Sofia Carson singles chronology
| "It's Only Love, Nobody Dies" (2022) | "Come Back Home" (2022) | "Applause" (2022) |

Music video
- "Come Back Home" on YouTube

= Come Back Home (Sofia Carson song) =

"Come Back Home" is a song by American actress and singer Sofia Carson. It was released through Hollywood Records on July 12, 2022, as the lead single from the soundtrack to the 2022 Netflix film Purple Hearts. It was written by Carson, Daniel Crean, Eren Cannata, Skyler Stonestreet and Justin Tranter.

==Background==
While writing "Come Back Home," Carson told Billboard that they created two different versions but chose the one used in the film. "And once we did, we just fell in love with it. We knew that it was our song." It just really captured the soul, the tenderness of this moment, the vulnerability at this moment — and truly the heart of our story." There are two different versions on the soundtrack, the other being a stripped-down version of the song.

==Music videos==
There are two music videos for "Come Back Home", both of which are featured on the soundtrack. The first was released on August 3, 2022. It shows Carson at her piano on a beach with a few clips from the film being shown. She told Entertainment Weekly, "we wanted to make it that much more special by, instead of it being a classic music video, it's a performance video," Carson explains. "So, it's me performing 'Come Back Home' on the piano and it's actually set at the same beach that Luke and I end the movie on, which makes it that much more beautiful and true to our story.
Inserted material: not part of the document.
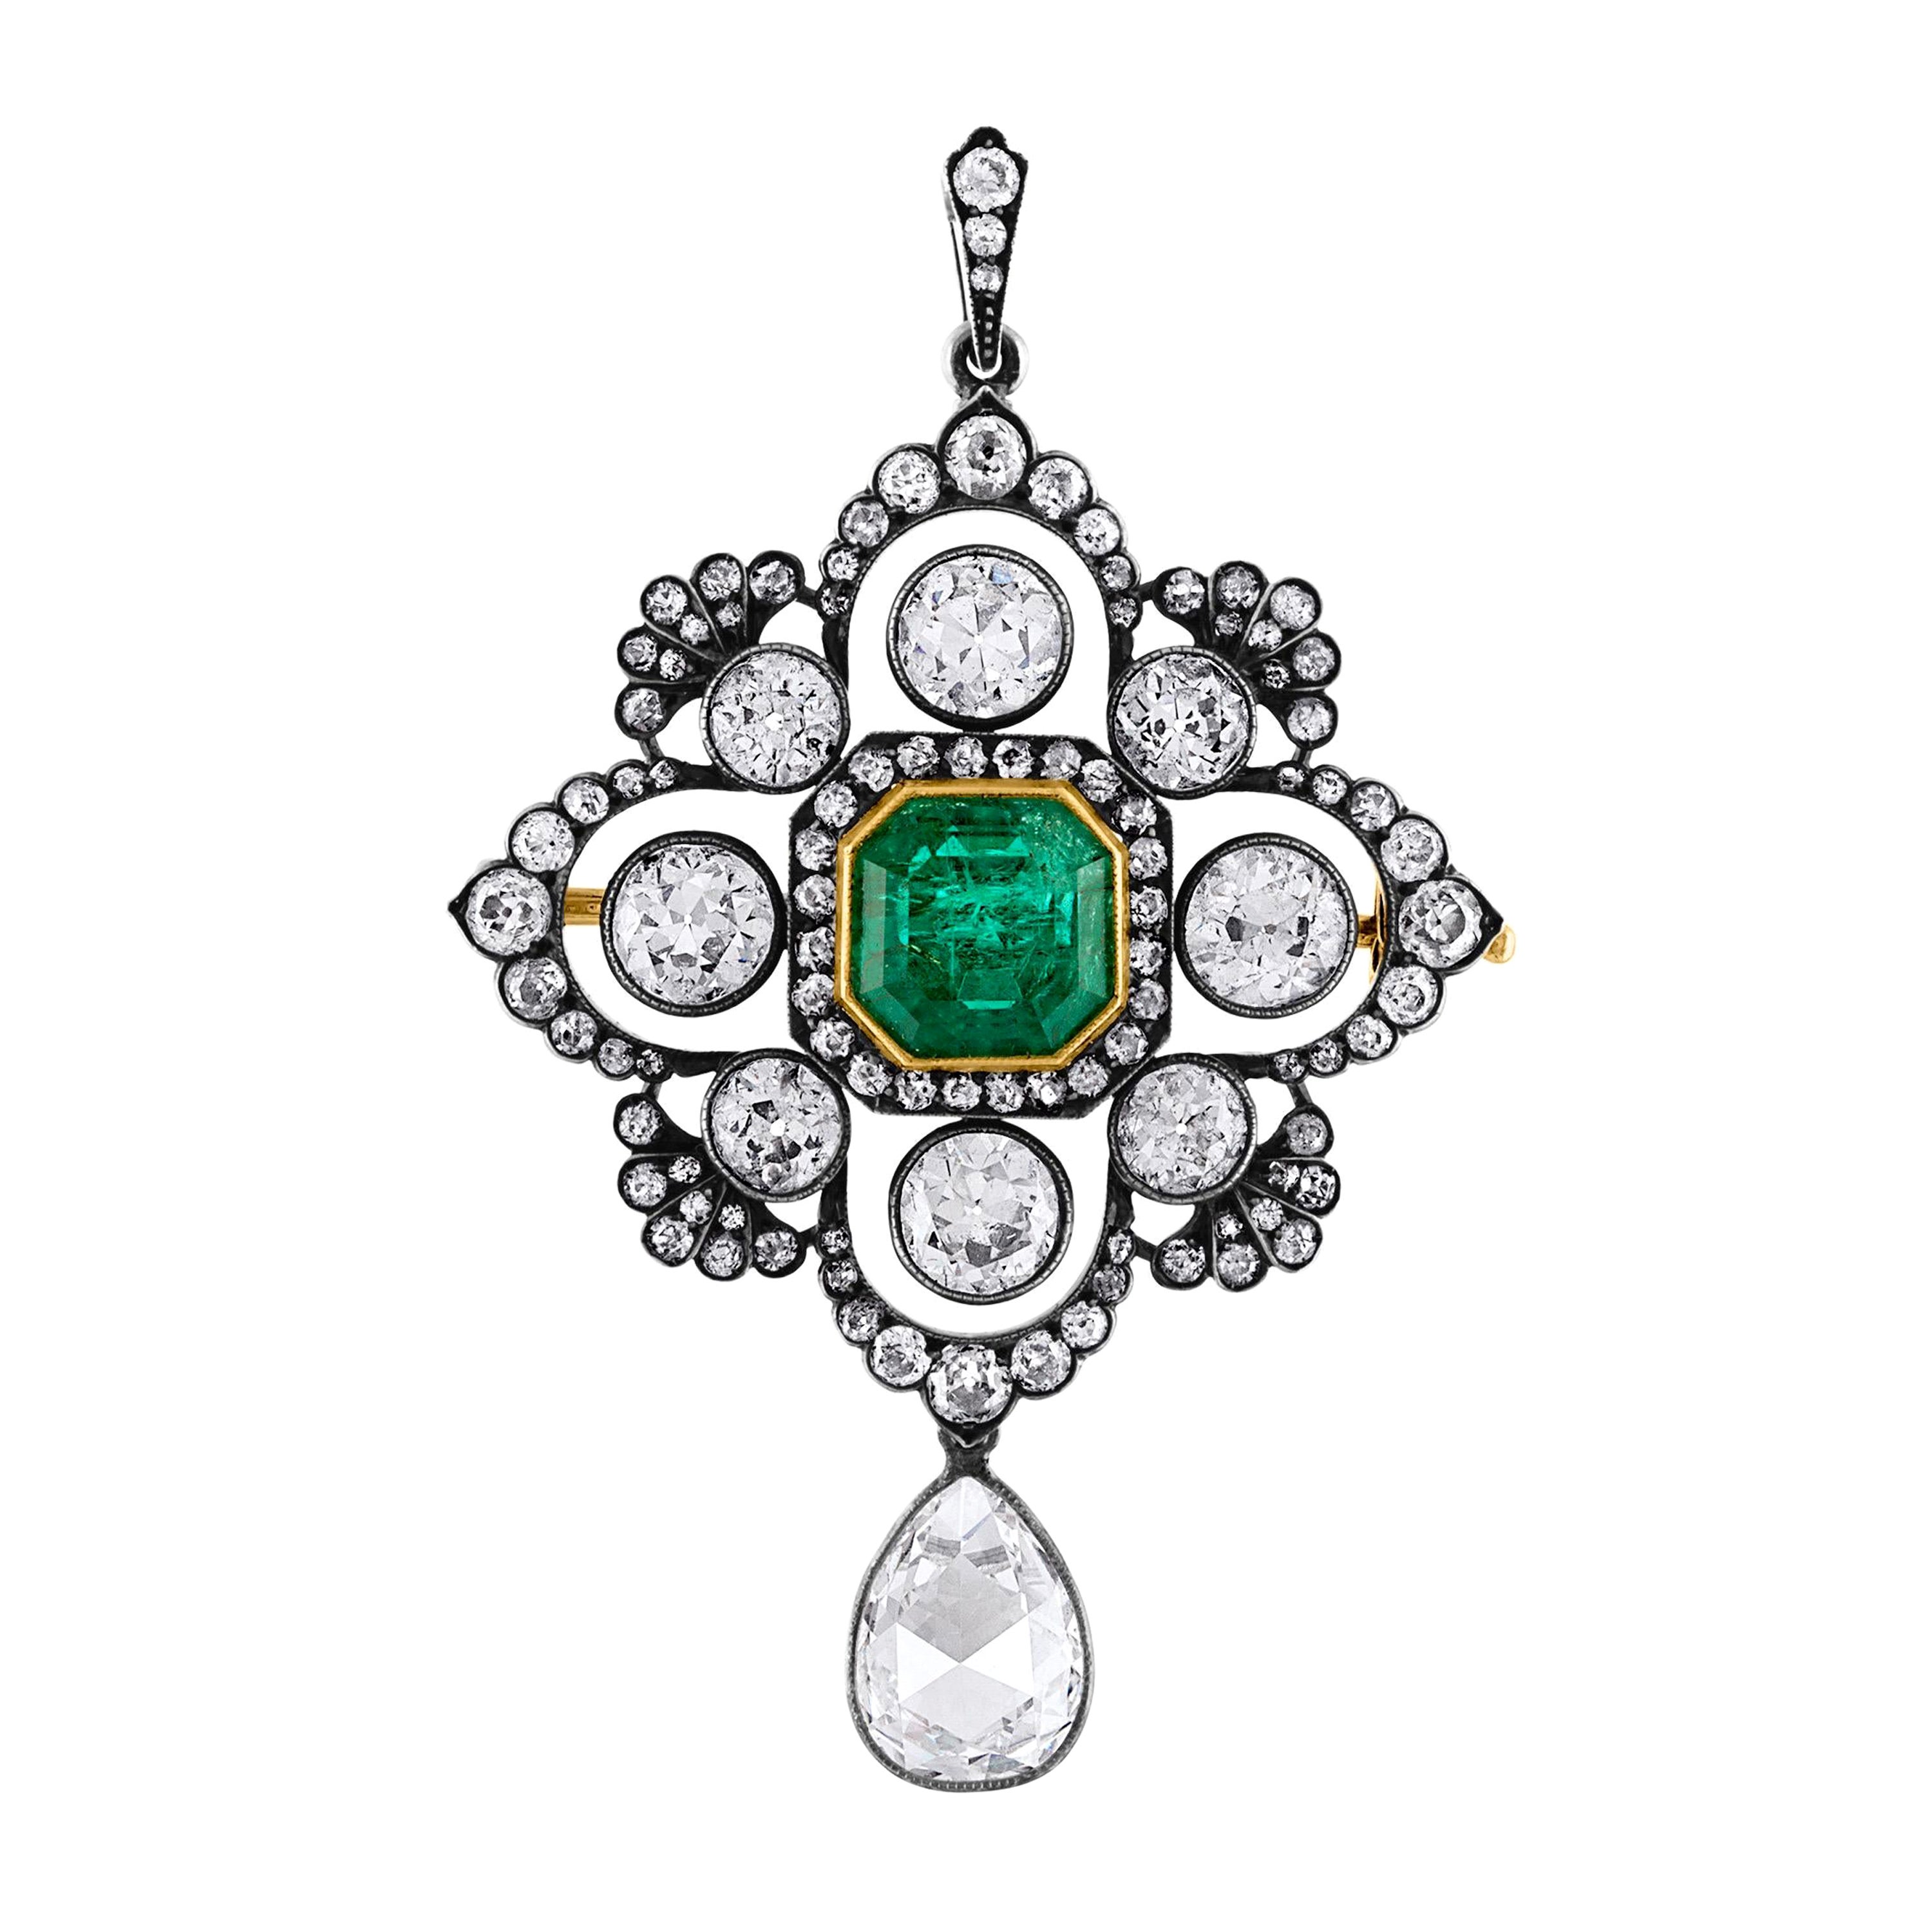  Victorian 4.26 Carat Colombian Emerald and 8.49 Carat Diamond Pendant Brooch For Sale

The second version of the music video shows the full performance for the song that was shown in the film while performing live in Oceanside, CA outside the gates of Camp Pendleton. It also features clips from the film throughout the video.

==Charts==

===Weekly charts===

Chart performance for "Come Back Home"
| Chart (2022) | Peak position |
|---|---|
| Australia Hitseekers (ARIA) | 7 |
| Austria (Ö3 Austria Top 40) | 45 |
| Canada Hot 100 (Billboard) | 80 |
| Czech Republic Singles Digital (ČNS IFPI) | 19 |
| France (SNEP) | 48 |
| Germany (GfK) | 76 |
| Global 200 (Billboard) | 75 |
| Hungary (Single Top 40) | 5 |
| Ireland (IRMA) | 79 |
| Netherlands (Single Tip) | 19 |
| New Zealand Hot Singles (RMNZ) | 18 |
| Portugal (AFP) | 98 |
| Slovakia (Singles Digitál Top 100) | 30 |
| South Africa Streaming (TOSAC) | 55 |
| Switzerland (Schweizer Hitparade) | 28 |
| UK Singles (OCC) | 71 |
| US Bubbling Under Hot 100 (Billboard) | 17 |

===Year-end charts===

2022 year-end chart performance for "Come Back Home"
| Chart (2022) | Position |
|---|---|
| Hungary (Single Top 40) | 77 |

==Certifications==

Certifications for "Come Back Home"
| Region | Certification | Certified units/sales |
| Brazil (Pro-Música Brasil) | Platinum | 40,000^{‡} |
| Canada (Music Canada) | Gold | 40,000^{‡} |
| France (SNEP) | Diamond | 333,333^{‡} |
| Poland (ZPAV) | Platinum | 50,000^{‡} |
^{‡} Sales+streaming figures based on certification alone.